**EXERCISE PROMPT**
Please reproduce the full listing exactly, with nothing added.

**AVAILABLE RECORDS**
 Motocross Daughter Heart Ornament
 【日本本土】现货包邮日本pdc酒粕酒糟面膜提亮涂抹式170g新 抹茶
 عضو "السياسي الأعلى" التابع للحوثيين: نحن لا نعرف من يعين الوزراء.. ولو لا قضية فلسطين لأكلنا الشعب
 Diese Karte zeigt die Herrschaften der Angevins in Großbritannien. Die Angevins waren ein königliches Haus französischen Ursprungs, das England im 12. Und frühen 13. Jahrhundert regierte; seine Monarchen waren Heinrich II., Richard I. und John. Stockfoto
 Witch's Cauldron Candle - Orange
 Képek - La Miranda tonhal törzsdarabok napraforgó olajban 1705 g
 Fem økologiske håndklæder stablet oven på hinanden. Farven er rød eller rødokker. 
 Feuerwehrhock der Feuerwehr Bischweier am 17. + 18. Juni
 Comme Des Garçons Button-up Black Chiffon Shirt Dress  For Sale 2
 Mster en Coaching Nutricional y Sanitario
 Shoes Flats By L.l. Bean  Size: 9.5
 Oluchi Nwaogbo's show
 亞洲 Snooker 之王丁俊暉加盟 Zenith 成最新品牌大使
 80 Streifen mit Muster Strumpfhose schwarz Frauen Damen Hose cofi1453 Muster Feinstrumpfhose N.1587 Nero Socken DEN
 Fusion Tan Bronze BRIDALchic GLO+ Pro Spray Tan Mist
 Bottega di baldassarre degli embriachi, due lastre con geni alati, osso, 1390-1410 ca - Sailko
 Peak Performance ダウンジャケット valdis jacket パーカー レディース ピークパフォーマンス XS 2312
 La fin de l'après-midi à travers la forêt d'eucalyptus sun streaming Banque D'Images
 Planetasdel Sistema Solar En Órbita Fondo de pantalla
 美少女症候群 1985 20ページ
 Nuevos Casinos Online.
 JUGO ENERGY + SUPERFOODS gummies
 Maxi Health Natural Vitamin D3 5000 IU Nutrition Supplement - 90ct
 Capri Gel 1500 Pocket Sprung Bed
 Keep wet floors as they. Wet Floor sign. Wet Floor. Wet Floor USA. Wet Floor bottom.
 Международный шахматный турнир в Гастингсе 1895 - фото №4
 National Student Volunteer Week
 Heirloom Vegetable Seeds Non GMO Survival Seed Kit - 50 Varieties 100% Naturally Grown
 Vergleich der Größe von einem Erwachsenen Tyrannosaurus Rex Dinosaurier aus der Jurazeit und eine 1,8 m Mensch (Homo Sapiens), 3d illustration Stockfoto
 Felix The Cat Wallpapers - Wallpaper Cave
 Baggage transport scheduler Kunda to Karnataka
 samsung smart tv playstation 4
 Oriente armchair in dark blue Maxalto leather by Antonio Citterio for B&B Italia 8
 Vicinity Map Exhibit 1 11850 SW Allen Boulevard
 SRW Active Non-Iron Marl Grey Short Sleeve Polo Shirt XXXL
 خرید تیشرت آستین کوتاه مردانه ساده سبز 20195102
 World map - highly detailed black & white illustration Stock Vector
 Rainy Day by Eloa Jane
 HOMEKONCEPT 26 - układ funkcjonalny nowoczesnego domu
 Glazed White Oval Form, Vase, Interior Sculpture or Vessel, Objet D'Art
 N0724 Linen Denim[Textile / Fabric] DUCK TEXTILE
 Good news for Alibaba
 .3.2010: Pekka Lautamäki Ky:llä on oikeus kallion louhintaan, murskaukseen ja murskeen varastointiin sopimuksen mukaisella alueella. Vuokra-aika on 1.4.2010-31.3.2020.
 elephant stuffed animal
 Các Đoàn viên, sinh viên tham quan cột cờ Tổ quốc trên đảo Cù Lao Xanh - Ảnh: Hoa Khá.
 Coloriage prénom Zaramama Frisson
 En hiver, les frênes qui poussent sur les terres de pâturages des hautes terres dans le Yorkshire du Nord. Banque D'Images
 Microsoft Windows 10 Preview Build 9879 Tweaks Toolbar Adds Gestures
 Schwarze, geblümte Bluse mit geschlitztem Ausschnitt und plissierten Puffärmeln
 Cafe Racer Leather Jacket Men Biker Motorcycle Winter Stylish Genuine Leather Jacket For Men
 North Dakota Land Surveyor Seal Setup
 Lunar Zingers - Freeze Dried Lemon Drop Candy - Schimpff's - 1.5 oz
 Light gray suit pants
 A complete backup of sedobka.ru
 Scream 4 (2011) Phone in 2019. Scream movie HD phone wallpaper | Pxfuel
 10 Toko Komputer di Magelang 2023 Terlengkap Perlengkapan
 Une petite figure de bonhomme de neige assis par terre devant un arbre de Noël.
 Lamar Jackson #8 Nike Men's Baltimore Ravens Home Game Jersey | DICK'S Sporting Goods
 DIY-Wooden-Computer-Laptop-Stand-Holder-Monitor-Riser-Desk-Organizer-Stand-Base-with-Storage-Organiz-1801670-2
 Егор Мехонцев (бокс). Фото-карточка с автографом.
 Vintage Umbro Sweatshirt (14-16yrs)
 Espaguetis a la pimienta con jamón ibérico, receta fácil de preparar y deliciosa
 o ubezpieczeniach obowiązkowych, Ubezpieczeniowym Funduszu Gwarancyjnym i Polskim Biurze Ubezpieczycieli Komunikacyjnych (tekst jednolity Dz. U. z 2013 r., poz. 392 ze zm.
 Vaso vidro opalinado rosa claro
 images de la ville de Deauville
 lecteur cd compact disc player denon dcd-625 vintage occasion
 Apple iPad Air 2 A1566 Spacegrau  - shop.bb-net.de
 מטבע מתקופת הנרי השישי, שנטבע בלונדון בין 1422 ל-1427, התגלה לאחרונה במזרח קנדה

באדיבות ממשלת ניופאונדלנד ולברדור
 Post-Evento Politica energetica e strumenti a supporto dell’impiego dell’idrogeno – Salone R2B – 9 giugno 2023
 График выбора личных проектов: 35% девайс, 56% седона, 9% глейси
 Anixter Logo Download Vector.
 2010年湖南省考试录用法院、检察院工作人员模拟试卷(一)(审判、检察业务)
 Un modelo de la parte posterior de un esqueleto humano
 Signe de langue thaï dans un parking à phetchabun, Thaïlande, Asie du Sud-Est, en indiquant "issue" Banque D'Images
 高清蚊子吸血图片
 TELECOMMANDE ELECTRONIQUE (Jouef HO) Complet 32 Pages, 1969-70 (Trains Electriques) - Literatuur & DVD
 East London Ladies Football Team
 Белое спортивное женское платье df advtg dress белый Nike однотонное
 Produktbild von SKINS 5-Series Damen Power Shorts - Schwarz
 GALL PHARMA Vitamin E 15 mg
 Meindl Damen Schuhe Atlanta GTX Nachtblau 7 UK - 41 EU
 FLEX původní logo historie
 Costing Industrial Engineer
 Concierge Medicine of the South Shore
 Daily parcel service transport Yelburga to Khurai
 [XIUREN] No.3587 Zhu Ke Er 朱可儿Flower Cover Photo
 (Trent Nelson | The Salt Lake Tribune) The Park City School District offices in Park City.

**ANSWER SPACE**
 Motocross Daughter Heart Ornament
 【日本本土】现货包邮日本pdc酒粕酒糟面膜提亮涂抹式170g新 抹茶
 عضو "السياسي الأعلى" التابع للحوثيين: نحن لا نعرف من يعين الوزراء.. ولو لا قضية فلسطين لأكلنا الشعب
 Diese Karte zeigt die Herrschaften der Angevins in Großbritannien. Die Angevins waren ein königliches Haus französischen Ursprungs, das England im 12. Und frühen 13. Jahrhundert regierte; seine Monarchen waren Heinrich II., Richard I. und John. Stockfoto
 Witch's Cauldron Candle - Orange
 Képek - La Miranda tonhal törzsdarabok napraforgó olajban 1705 g
 Fem økologiske håndklæder stablet oven på hinanden. Farven er rød eller rødokker. 
 Feuerwehrhock der Feuerwehr Bischweier am 17. + 18. Juni
 Comme Des Garçons Button-up Black Chiffon Shirt Dress  For Sale 2
 Mster en Coaching Nutricional y Sanitario
 Shoes Flats By L.l. Bean  Size: 9.5
 Oluchi Nwaogbo's show
 亞洲 Snooker 之王丁俊暉加盟 Zenith 成最新品牌大使
 80 Streifen mit Muster Strumpfhose schwarz Frauen Damen Hose cofi1453 Muster Feinstrumpfhose N.1587 Nero Socken DEN
 Fusion Tan Bronze BRIDALchic GLO+ Pro Spray Tan Mist
 Bottega di baldassarre degli embriachi, due lastre con geni alati, osso, 1390-1410 ca - Sailko
 Peak Performance ダウンジャケット valdis jacket パーカー レディース ピークパフォーマンス XS 2312
 La fin de l'après-midi à travers la forêt d'eucalyptus sun streaming Banque D'Images
 Planetasdel Sistema Solar En Órbita Fondo de pantalla
 美少女症候群 1985 20ページ
 Nuevos Casinos Online.
 JUGO ENERGY + SUPERFOODS gummies
 Maxi Health Natural Vitamin D3 5000 IU Nutrition Supplement - 90ct
 Capri Gel 1500 Pocket Sprung Bed
 Keep wet floors as they. Wet Floor sign. Wet Floor. Wet Floor USA. Wet Floor bottom.
 Международный шахматный турнир в Гастингсе 1895 - фото №4
 National Student Volunteer Week
 Heirloom Vegetable Seeds Non GMO Survival Seed Kit - 50 Varieties 100% Naturally Grown
 Vergleich der Größe von einem Erwachsenen Tyrannosaurus Rex Dinosaurier aus der Jurazeit und eine 1,8 m Mensch (Homo Sapiens), 3d illustration Stockfoto
 Felix The Cat Wallpapers - Wallpaper Cave
 Baggage transport scheduler Kunda to Karnataka
 samsung smart tv playstation 4
 Oriente armchair in dark blue Maxalto leather by Antonio Citterio for B&B Italia 8
 Vicinity Map Exhibit 1 11850 SW Allen Boulevard
 SRW Active Non-Iron Marl Grey Short Sleeve Polo Shirt XXXL
 خرید تیشرت آستین کوتاه مردانه ساده سبز 20195102
 World map - highly detailed black & white illustration Stock Vector
 Rainy Day by Eloa Jane
 HOMEKONCEPT 26 - układ funkcjonalny nowoczesnego domu
 Glazed White Oval Form, Vase, Interior Sculpture or Vessel, Objet D'Art
 N0724 Linen Denim[Textile / Fabric] DUCK TEXTILE
 Good news for Alibaba
 .3.2010: Pekka Lautamäki Ky:llä on oikeus kallion louhintaan, murskaukseen ja murskeen varastointiin sopimuksen mukaisella alueella. Vuokra-aika on 1.4.2010-31.3.2020.
 elephant stuffed animal
 Các Đoàn viên, sinh viên tham quan cột cờ Tổ quốc trên đảo Cù Lao Xanh - Ảnh: Hoa Khá.
 Coloriage prénom Zaramama Frisson
 En hiver, les frênes qui poussent sur les terres de pâturages des hautes terres dans le Yorkshire du Nord. Banque D'Images
 Microsoft Windows 10 Preview Build 9879 Tweaks Toolbar Adds Gestures
 Schwarze, geblümte Bluse mit geschlitztem Ausschnitt und plissierten Puffärmeln
 Cafe Racer Leather Jacket Men Biker Motorcycle Winter Stylish Genuine Leather Jacket For Men
 North Dakota Land Surveyor Seal Setup
 Lunar Zingers - Freeze Dried Lemon Drop Candy - Schimpff's - 1.5 oz
 Light gray suit pants
 A complete backup of sedobka.ru
 Scream 4 (2011) Phone in 2019. Scream movie HD phone wallpaper | Pxfuel
 10 Toko Komputer di Magelang 2023 Terlengkap Perlengkapan
 Une petite figure de bonhomme de neige assis par terre devant un arbre de Noël.
 Lamar Jackson #8 Nike Men's Baltimore Ravens Home Game Jersey | DICK'S Sporting Goods
 DIY-Wooden-Computer-Laptop-Stand-Holder-Monitor-Riser-Desk-Organizer-Stand-Base-with-Storage-Organiz-1801670-2
 Егор Мехонцев (бокс). Фото-карточка с автографом.
 Vintage Umbro Sweatshirt (14-16yrs)
 Espaguetis a la pimienta con jamón ibérico, receta fácil de preparar y deliciosa
 o ubezpieczeniach obowiązkowych, Ubezpieczeniowym Funduszu Gwarancyjnym i Polskim Biurze Ubezpieczycieli Komunikacyjnych (tekst jednolity Dz. U. z 2013 r., poz. 392 ze zm.
 Vaso vidro opalinado rosa claro
 images de la ville de Deauville
 lecteur cd compact disc player denon dcd-625 vintage occasion
 Apple iPad Air 2 A1566 Spacegrau  - shop.bb-net.de
 מטבע מתקופת הנרי השישי, שנטבע בלונדון בין 1422 ל-1427, התגלה לאחרונה במזרח קנדה

באדיבות ממשלת ניופאונדלנד ולברדור
 Post-Evento Politica energetica e strumenti a supporto dell’impiego dell’idrogeno – Salone R2B – 9 giugno 2023
 График выбора личных проектов: 35% девайс, 56% седона, 9% глейси
 Anixter Logo Download Vector.
 2010年湖南省考试录用法院、检察院工作人员模拟试卷(一)(审判、检察业务)
 Un modelo de la parte posterior de un esqueleto humano
 Signe de langue thaï dans un parking à phetchabun, Thaïlande, Asie du Sud-Est, en indiquant "issue" Banque D'Images
 高清蚊子吸血图片
 TELECOMMANDE ELECTRONIQUE (Jouef HO) Complet 32 Pages, 1969-70 (Trains Electriques) - Literatuur & DVD
 East London Ladies Football Team
 Белое спортивное женское платье df advtg dress белый Nike однотонное
 Produktbild von SKINS 5-Series Damen Power Shorts - Schwarz
 GALL PHARMA Vitamin E 15 mg
 Meindl Damen Schuhe Atlanta GTX Nachtblau 7 UK - 41 EU
 FLEX původní logo historie
 Costing Industrial Engineer
 Concierge Medicine of the South Shore
 Daily parcel service transport Yelburga to Khurai
 [XIUREN] No.3587 Zhu Ke Er 朱可儿Flower Cover Photo
 (Trent Nelson | The Salt Lake Tribune) The Park City School District offices in Park City.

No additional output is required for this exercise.